[[ RECORDS PROVIDED, beginning ]]

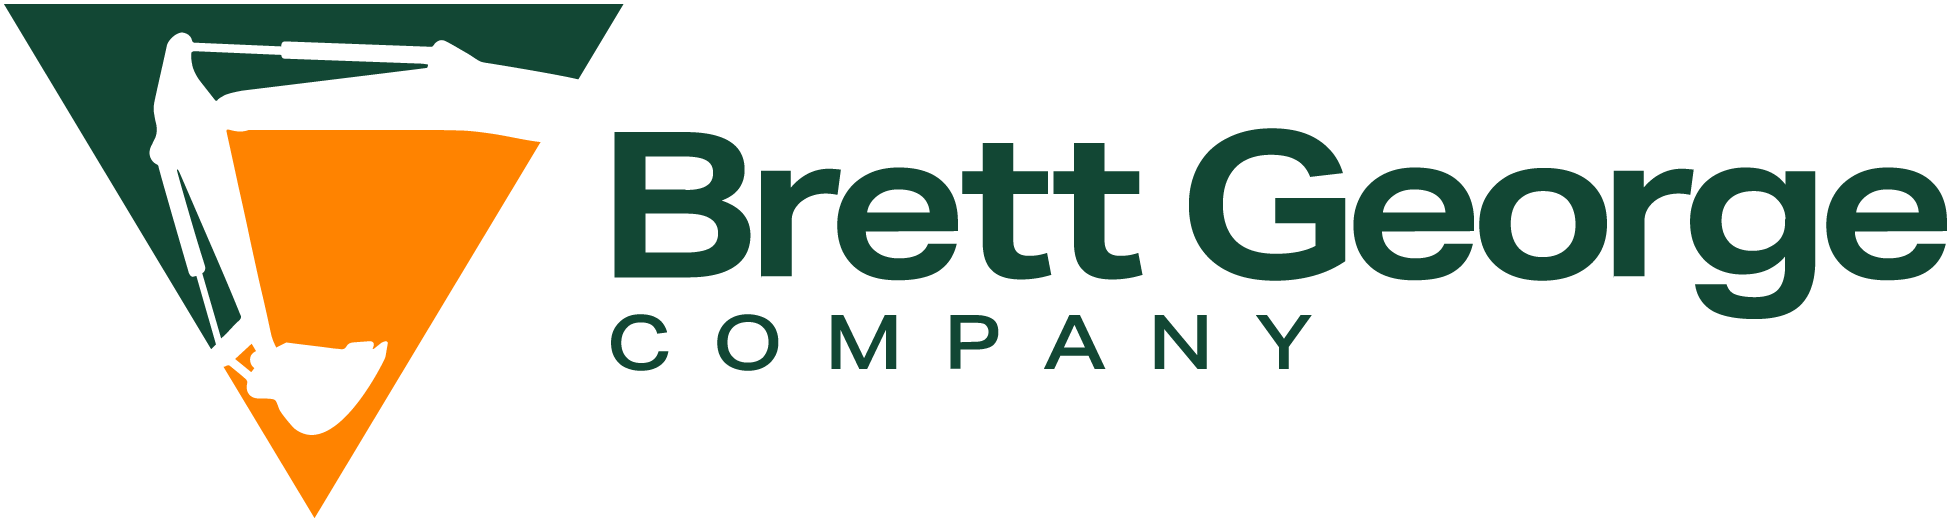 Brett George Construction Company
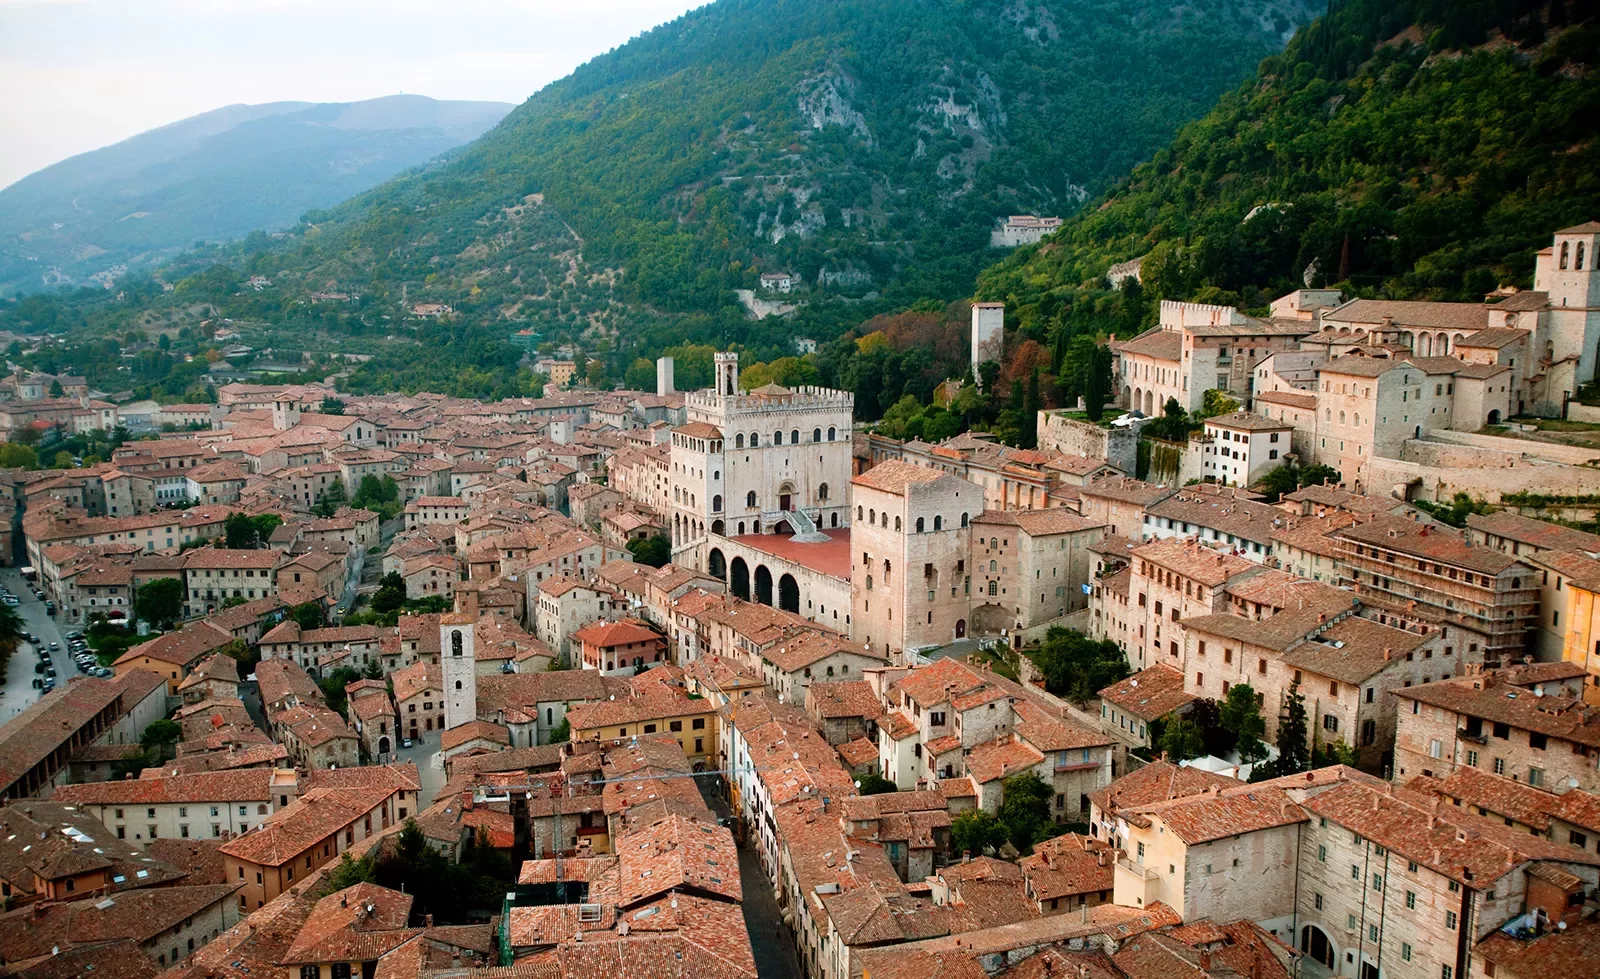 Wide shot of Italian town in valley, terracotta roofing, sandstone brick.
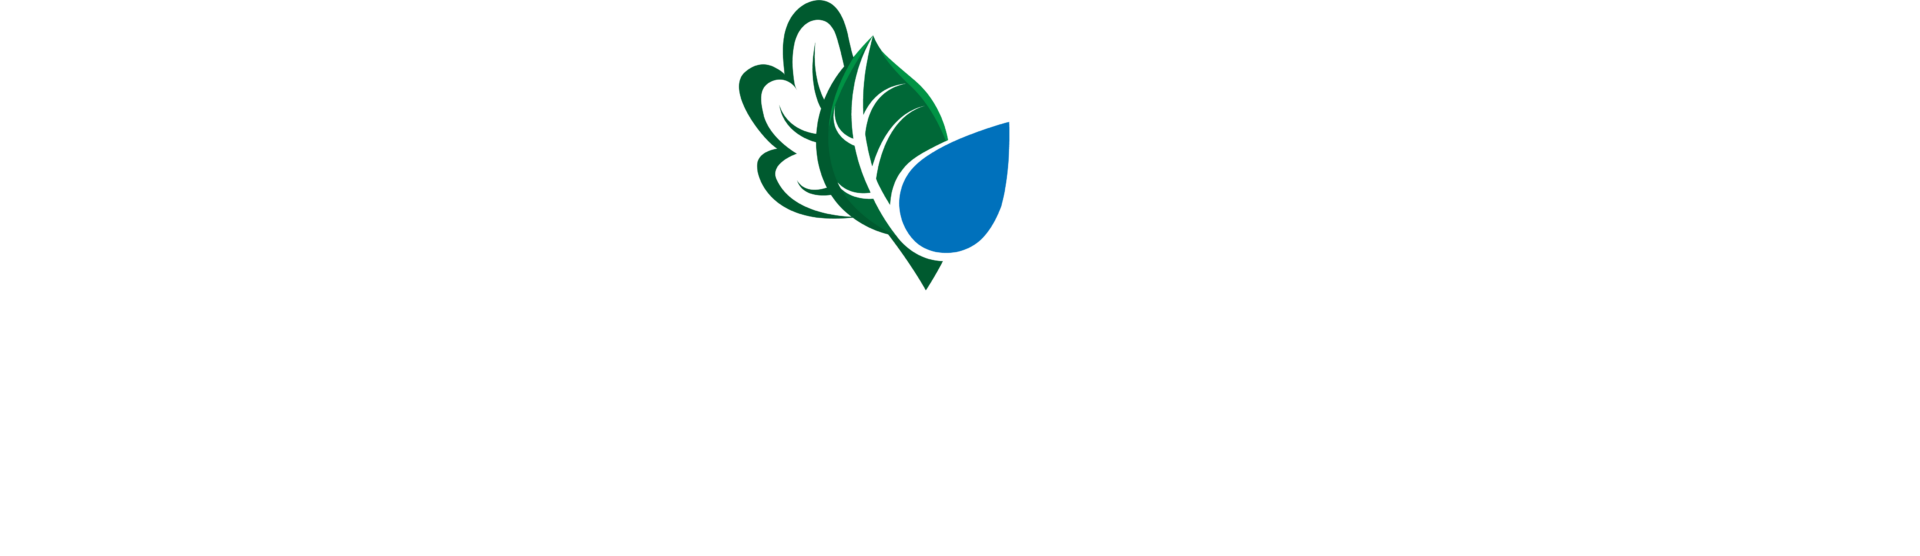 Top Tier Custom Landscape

[[ RECORDS PROVIDED, end ]]
[[ RECORDS PROVIDED, beginning ]]

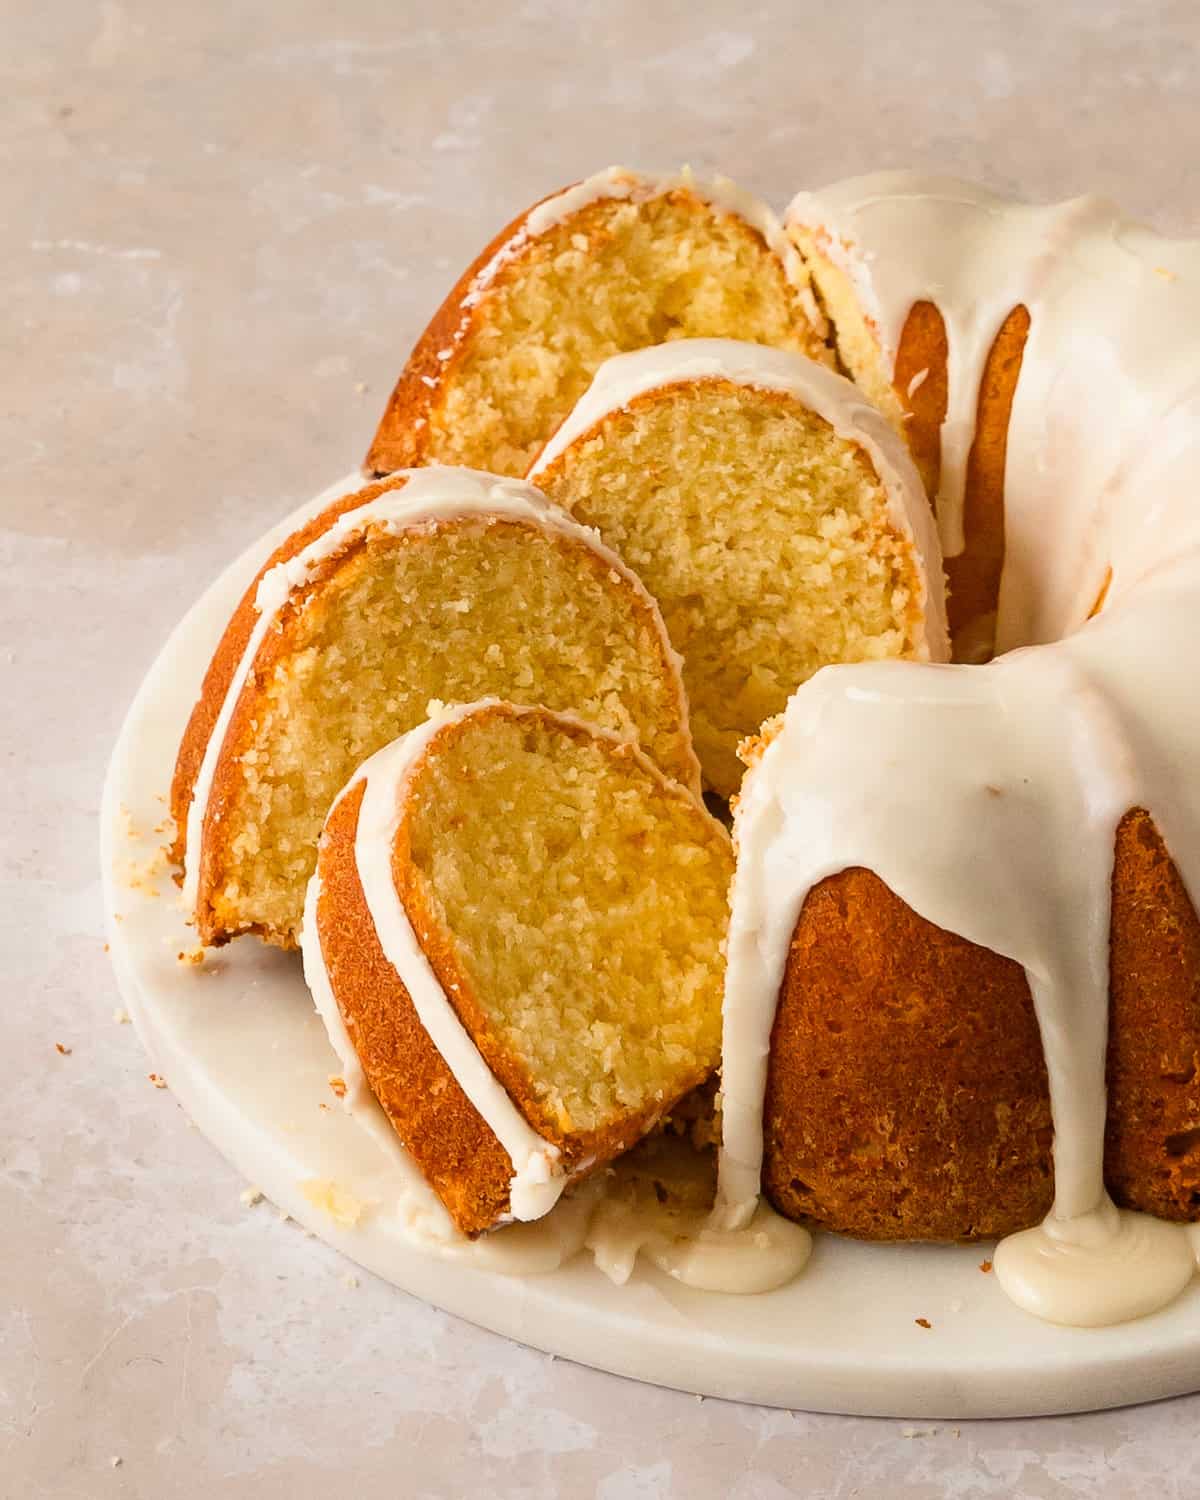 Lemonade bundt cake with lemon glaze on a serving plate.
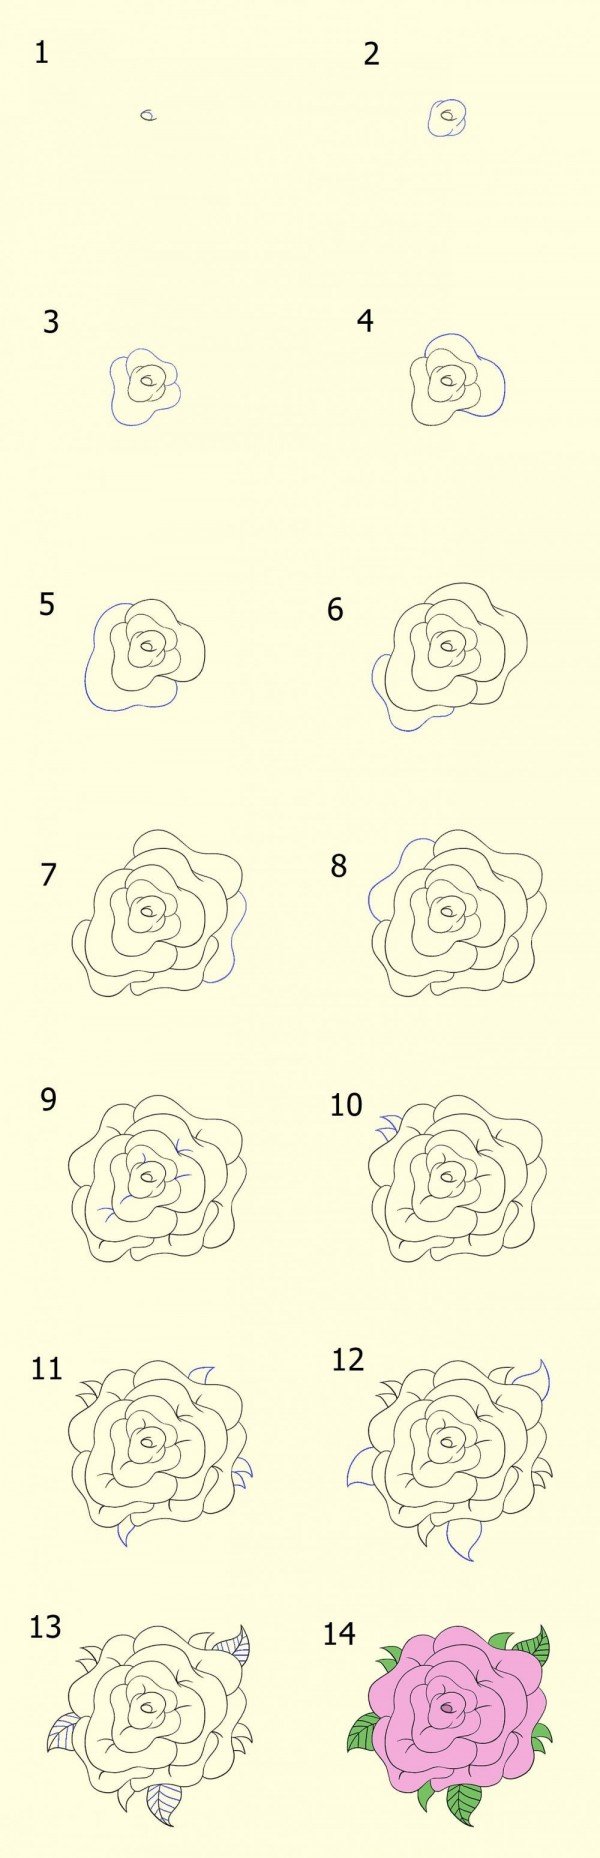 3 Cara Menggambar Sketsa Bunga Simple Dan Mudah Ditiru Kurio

[[ RECORDS PROVIDED, end ]]

● WHAT YOU SHOULD DO: Go to the line above that contains "Brett George Construction Company" and reproduce everything exactly from there through the line that contains "Top Tier Custom Landscape", leaving out the pictures.

● RESPONSE BELOW:
 Brett George Construction Company
 Wide shot of Italian town in valley, terracotta roofing, sandstone brick.
 Top Tier Custom Landscape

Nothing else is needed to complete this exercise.